In the United States, a national coverage determination (NCD) is a set of guidelines published by the Centers for Medicare and Medicaid Services (CMS) that defines the level of coverage that Medicare and Medicaid will allow for medical procedures, services, or supplies. The Medicare National Coverage process occurs over a nine-month period, with the services and procedures restricted to items that are deemed medically necessary and appropriate. In addition to the research undertaken by CMS itself, expert testimony and clinical evidence from outside sources that are relevant to the items under consideration are studied by the Medicare Evidence Development and Coverage Advisory Committee (MEDCAC) for the first six months. The final three months encompass a 30-day period for public comments and a 60-day planning session for implementation. CMS then publishes the national coverage determination guidelines, which are binding on all Medicare providers and vendors.

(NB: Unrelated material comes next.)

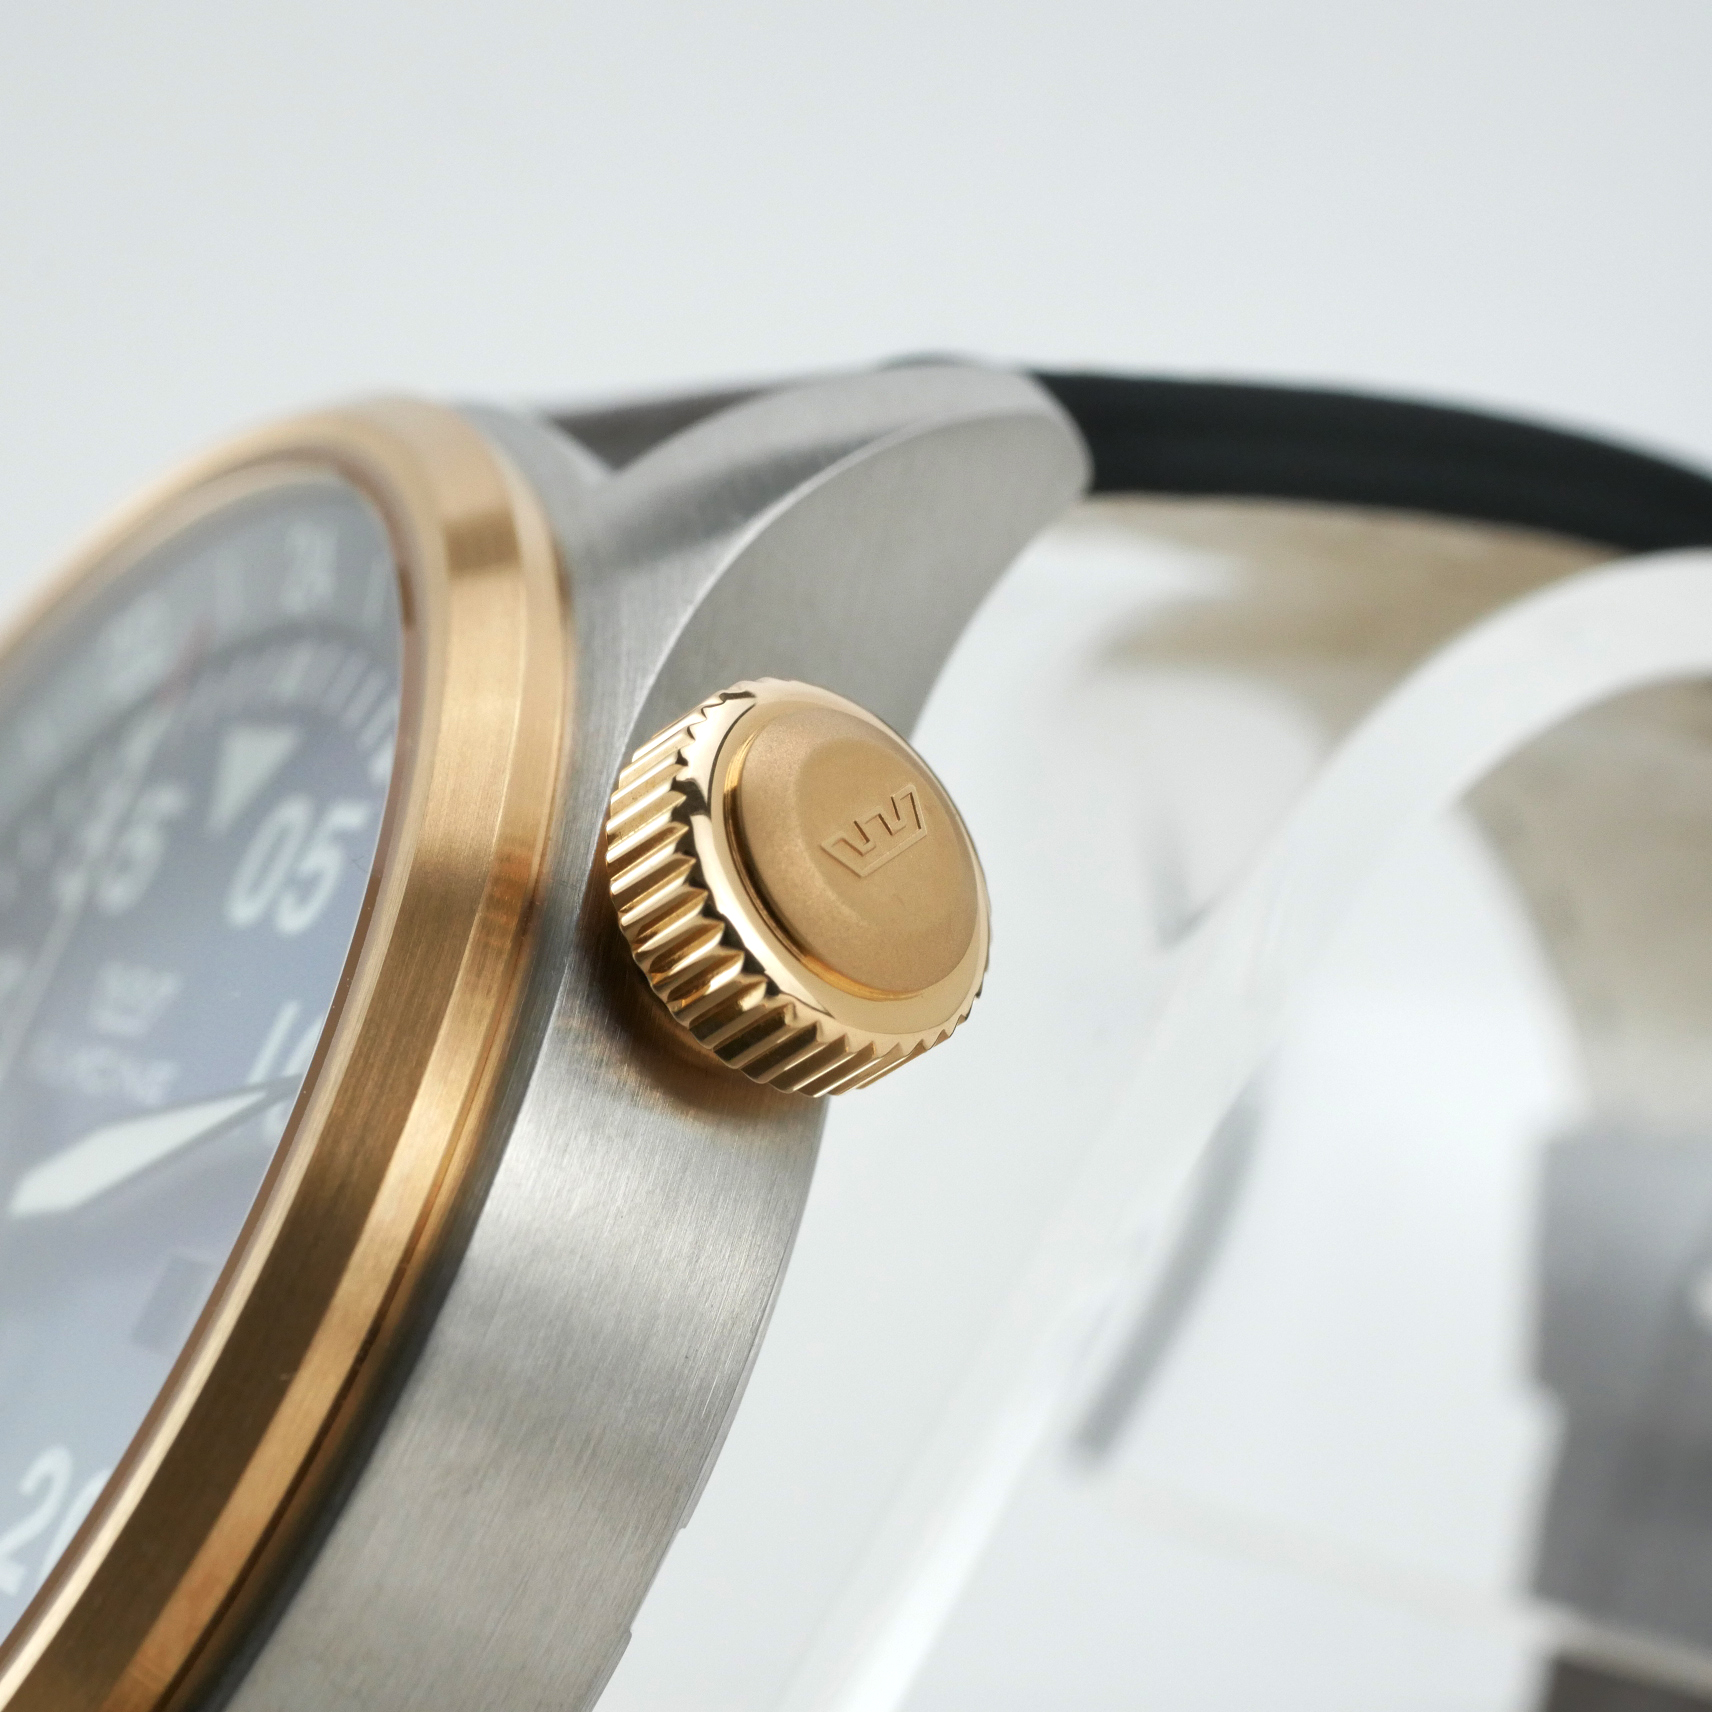 Glycine Airpilot GMT Swiss Men's Watch Blue Dial / Leather Strap GL0352

The Medicare Prescription Drug, Improvement, and Modernization Act, enacted by the United States Congress in 2003, changed several aspects of the national coverage determination process. Each year, CMS must issue a report describing the national coverage determinations that it completed during the preceding year. All NCD requests for covered items or services that require clinical trials or external assessments must be completed within nine months of the request. For those services that do not require additional evidentiary analysis, the process must be completed within six months. CMS must register all decisions on its website and solicit public comment and opinion, which it must include in the final report.
A national coverage determination does not set forth the dollar amount that CMS will pay for a service or item, nor does it specify a code for billing. It simply determines whether and to what extent CMS will provide coverage. When a particular service, procedure, or product is not addressed by a national coverage determination, the individual Medicare contractors may determine coverage under a local coverage determination (LCD), which only pertains to the geographic region and patient population served by that contractor. LCDs are not universally binding on other contractors and providers.
Any person may apply for or request a national coverage determination for a procedure, service, or item. CMS places its first priority on Medicare and Medicaid patients, who are already enrolled and eligible to receive services. A Department Appeals Board exists to provide a way to appeal the CMS decision within 60 days of its final decision. Both the Department Appeals Board and the Medicare Coverage Advisory Committee, which advises CMS on whether certain services are reasonable and medically necessary, consist of members selected for their expertise and training in a wide range of technical, medical, and scientific areas.